The classes are instantiated with the help of objects. Context of the site is set using the constructors.

In the below sample,
  • For base class, root site URL can be set as context, by passing the site collection URL as object parameter.
  • For the derived class, the sub site URL can be set as context, by passing the sub site URL as object parameter.
The code snippet, mentioned below, triggers the members defined inside the classes. The comments are provided along with the function calls to explain every step in details.

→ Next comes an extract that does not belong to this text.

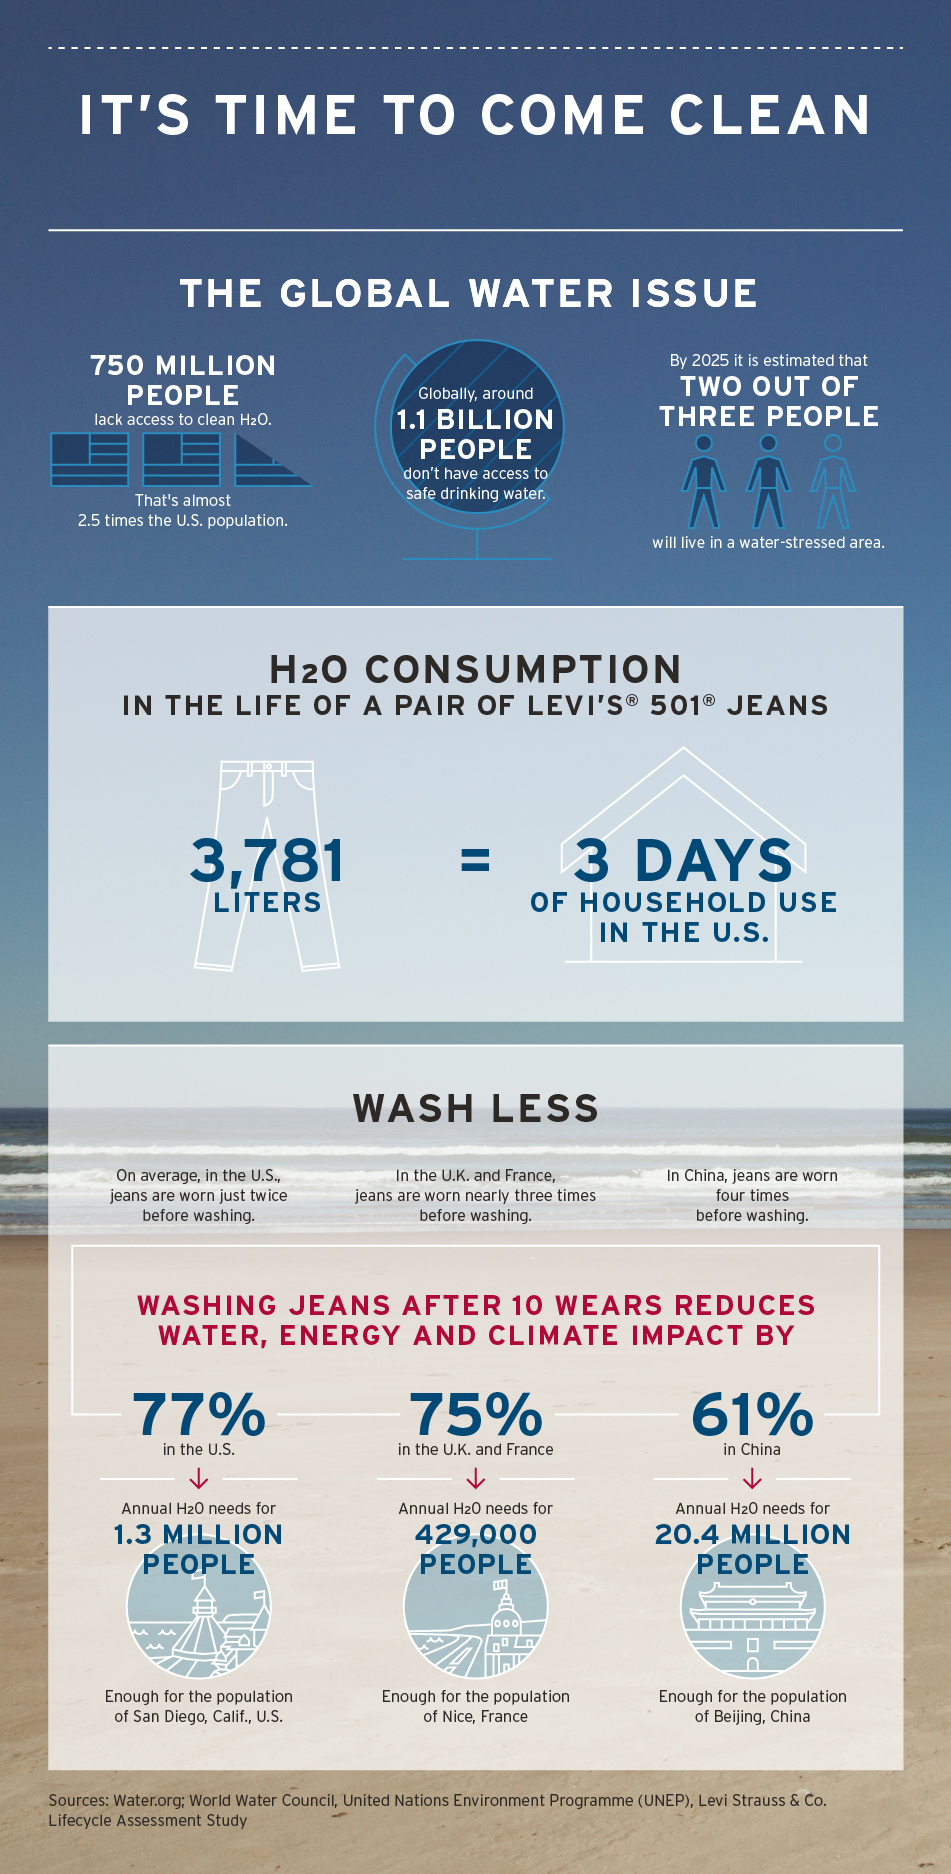 kat skrive Specialisere Levi Strauss & Co. Reaches 1 Billion Liters of Water Saved Through  Sustainability Initiatives; Releases New Environmental Impact Study on  Apparel | Business Wire

  1. // Loads necessary files    
  2. $(document).ready(function() {  
  3.     SP.SOD.executeOrDelayUntilScriptLoaded(function() {  
  4.         SP.SOD.executeOrDelayUntilScriptLoaded(() => GetData(), 'SP.js');  
  5.     }, 'SP.RunTime.js');  
  6. });  
  7. // Instantiate object and call the methods    
  8. function GetData() {  
  9.     let siteOps = new SiteOperations("/");  
  10.     siteOps.GetSites(); // Retrieves all sub sites from site collection    
  11.     siteOps.GetSite(); // Retrieves current site(site collection) information    
  12.     siteOps.CreateSubSite(); // Creates a sub site for site collection    
  13.     let webOps = new WebOperations("/SubSite1");  
  14.     webOps.UpdateSite(); // Updates sub site SubSite1    
  15.     webOps.DeleteSite(); // Deletes sub site SubSite1    
  16.     webOps.GetSites(); // Retrieves all sub sites from SubSite1 site    
  17.     webOps.CreateSubSite(); // Creates a sub site for SubSite1 site    
  18. }  

Thus, you have learned the basic site operations, using TypeScript programming with help of inheritance approach.